Human Virome Program

Data Availability

Sequencing data will be deposited at NCBI under the umbrella BioProject PRJNA1336838. Data generation is currently in the early stages - please check back for updates as datasets become available.

Data Flow

The diagram below outlines the Human Virome Program data flow from the data generating groups through data deposition, analysis and visualization. The Virtual Biorepository (VBR) at Baylor will be the first entry point for metadata from the data generating groups into the Data Coordination Center.
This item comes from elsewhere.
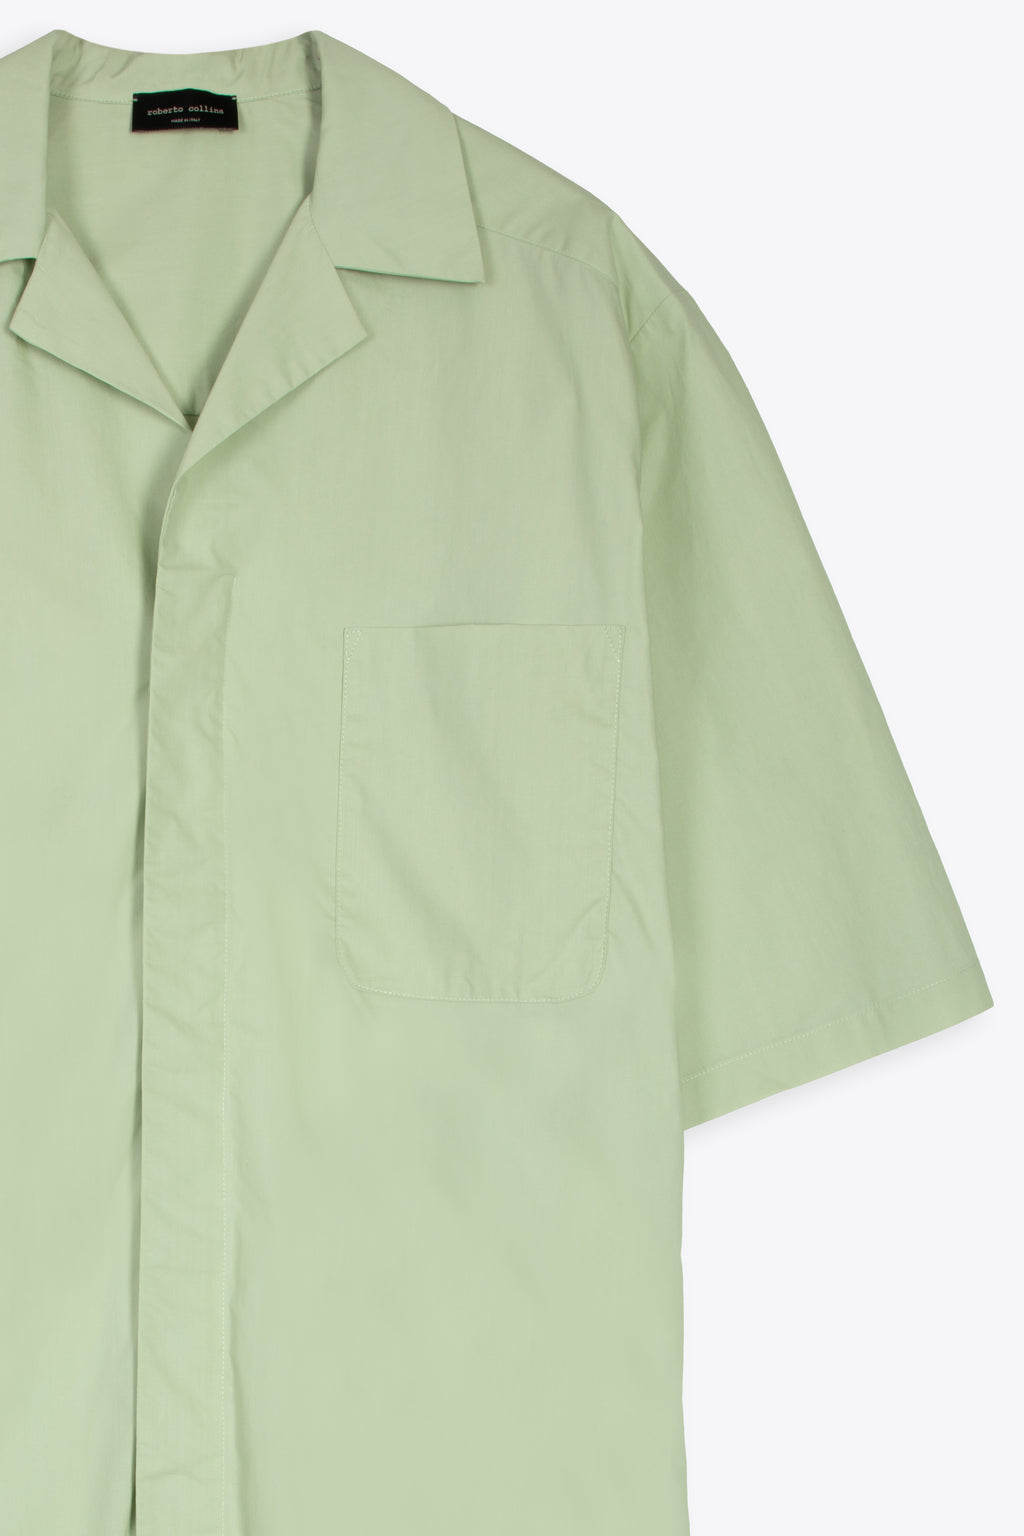 alt-image__Sage-green-poplin-bowling-shirt-with-short-sleeves

The VBR will validate the metadata and provide the data generators with formatted templates for them to use when submitting their data to NCBI. Once the metadata is validated, the Data Repository group at the University of Maryland School of Medicine will pull the metadata from the VBR and the data files from NCBI.
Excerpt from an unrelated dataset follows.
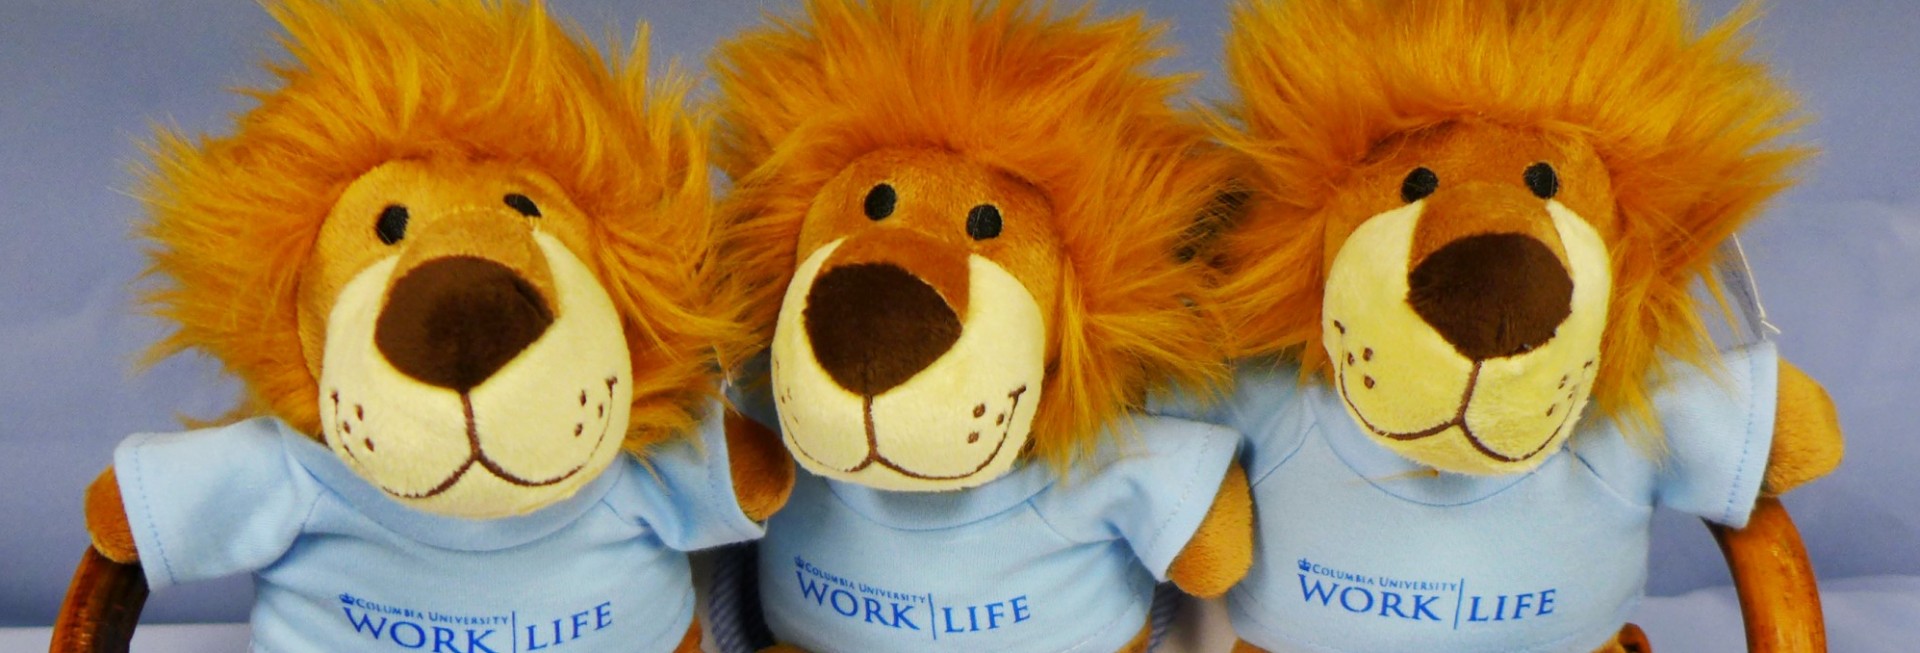 Work/Life Lions 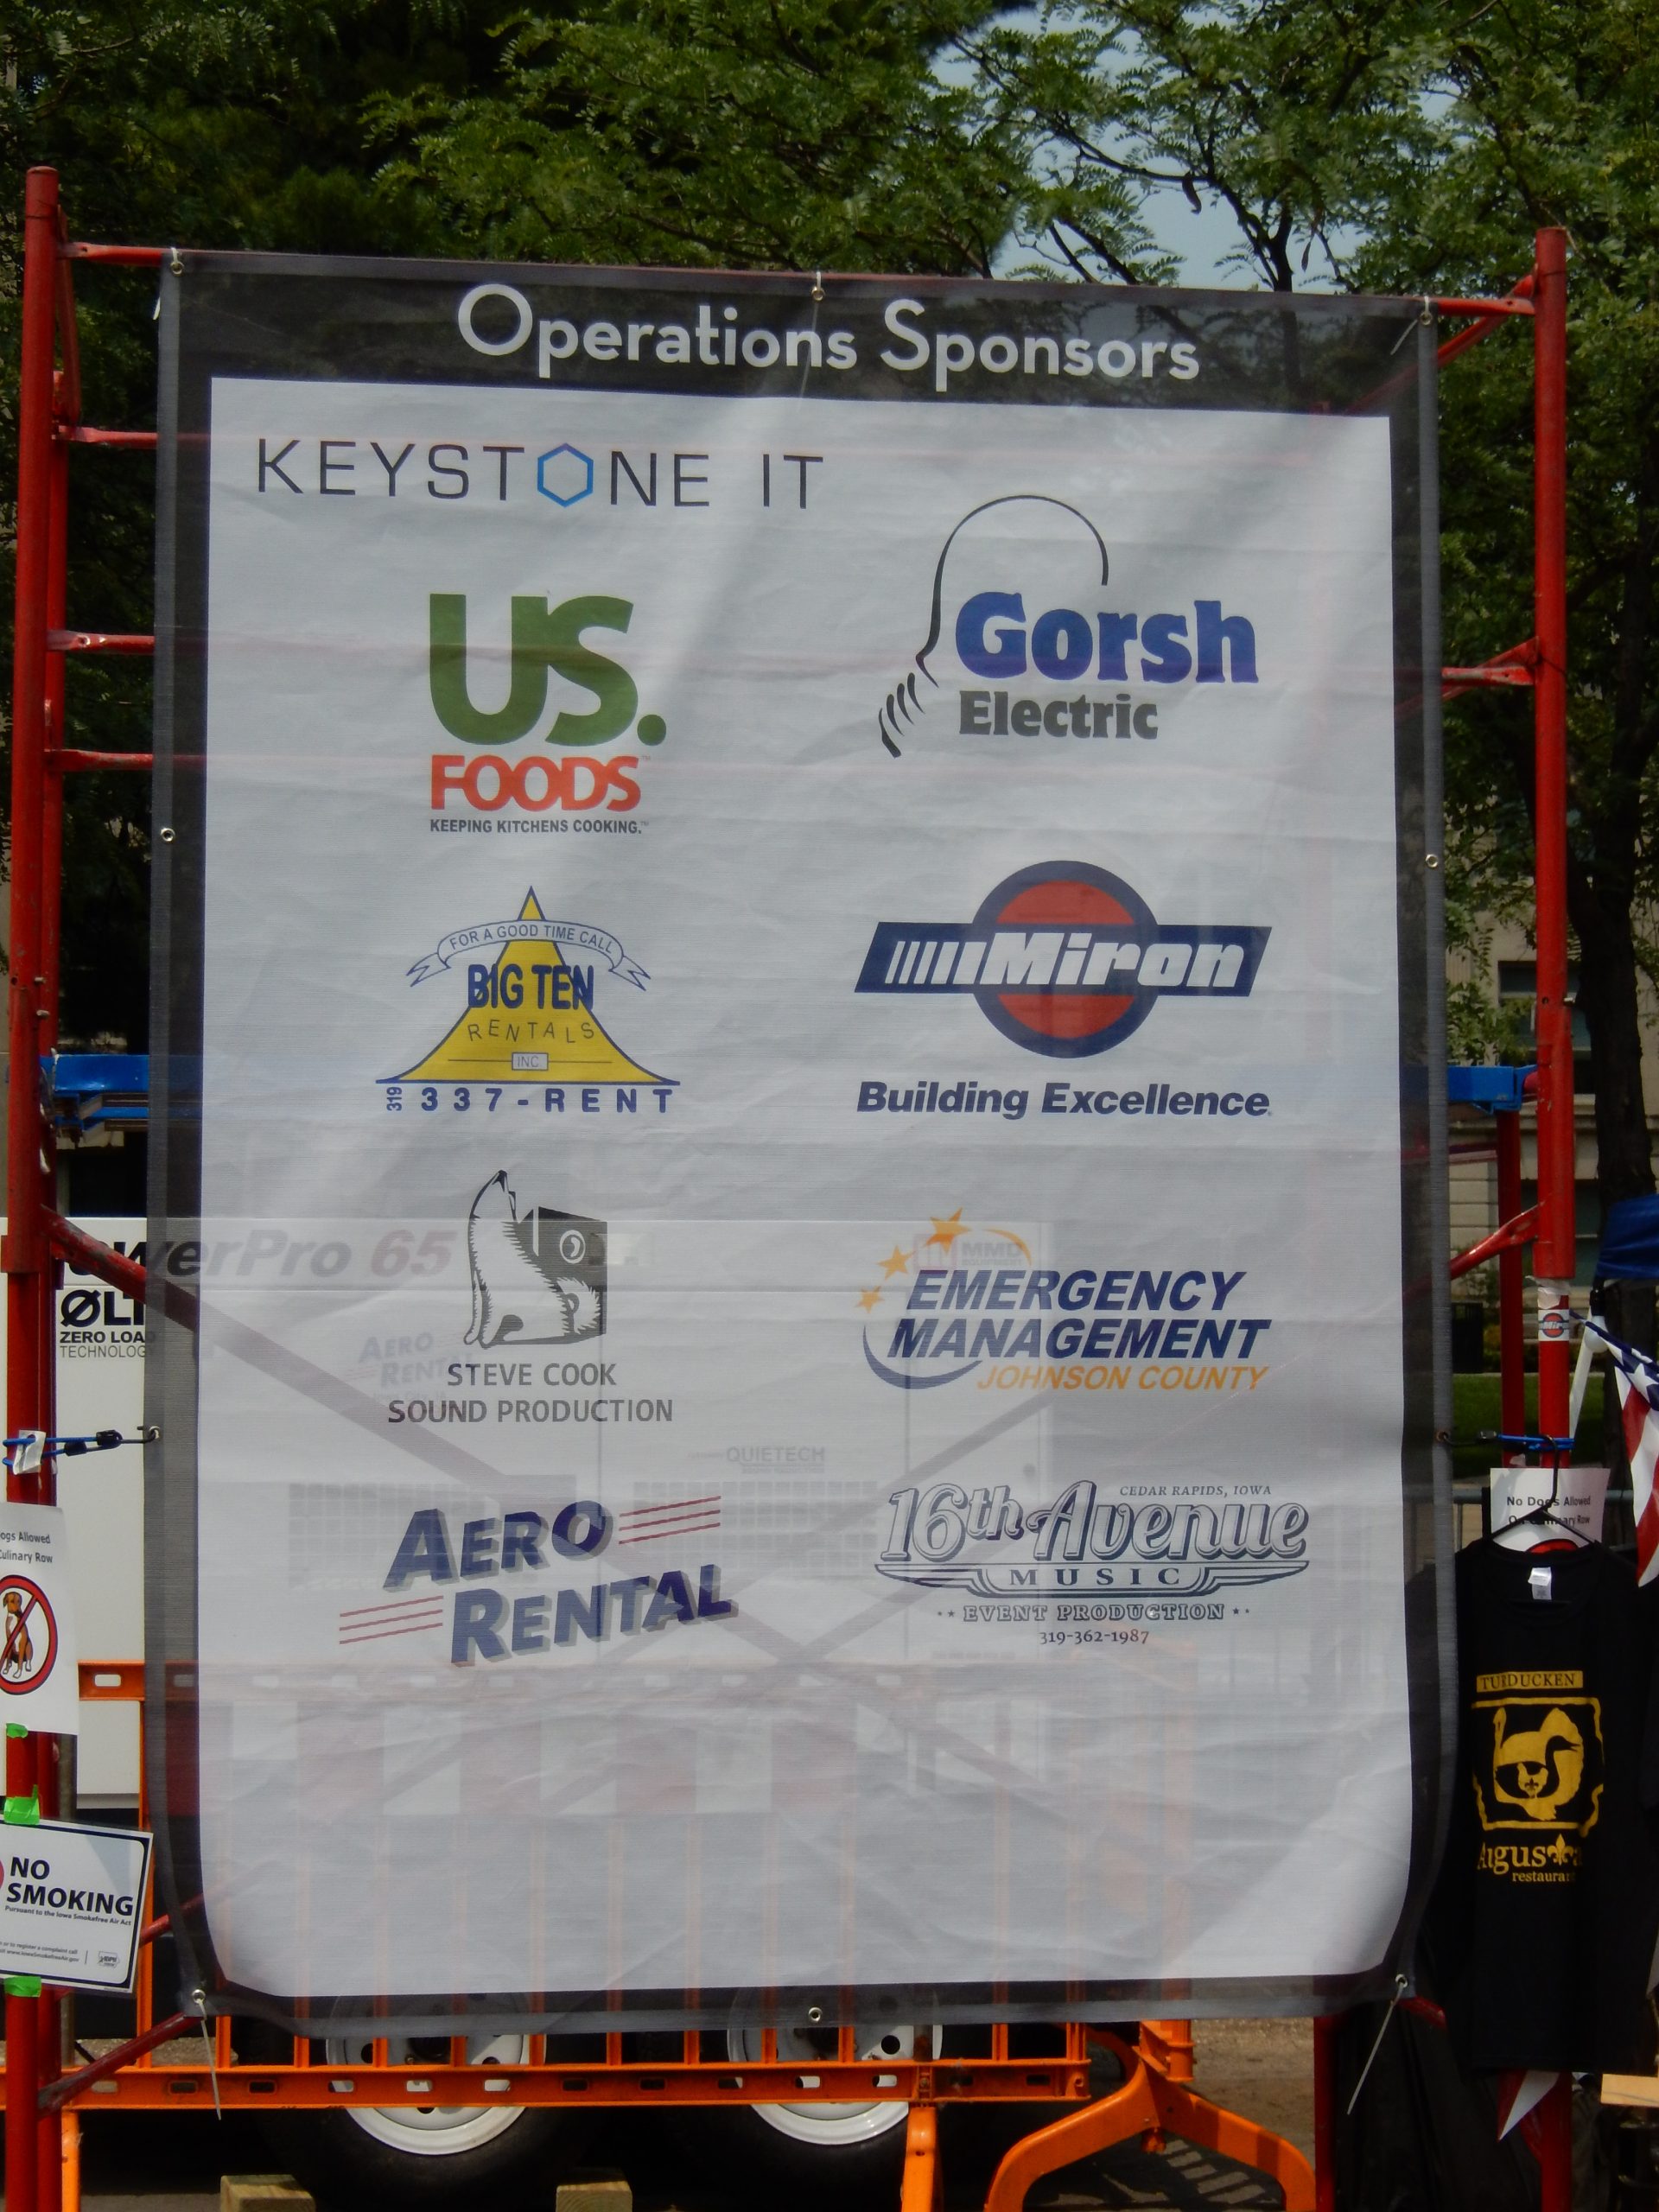 List of operations sponsors

The metadata will be used to power the HVP Data Portal, a web-based tool that provides users with the ability to search for HVP primary and derived data files of interest based on the metadata. Centralized consistent processing of the primary data will be carried out at Harvard and that information will be sent to the Integrated Microbial Genomes repository at the Joint Genomes Institute where users can access all the tools of that resource to visualize and explore the data.

Metadata Dictionary

A comprehensive and harmonized metadata framework for participants, samples,libraries, files, and data analyses across all Human Virome Program projects was developed through the work of the HVP Metadata Working Group. All 15 funded groups within the HVP were invited to participate in and sign-off on the metadata fields, their definitions, and how the values for each field would be captured. This resulted in five data dictionaries and associated templates that data generators will use to submit metadata to the Virtual Biorepository within the HVP Coordination Center.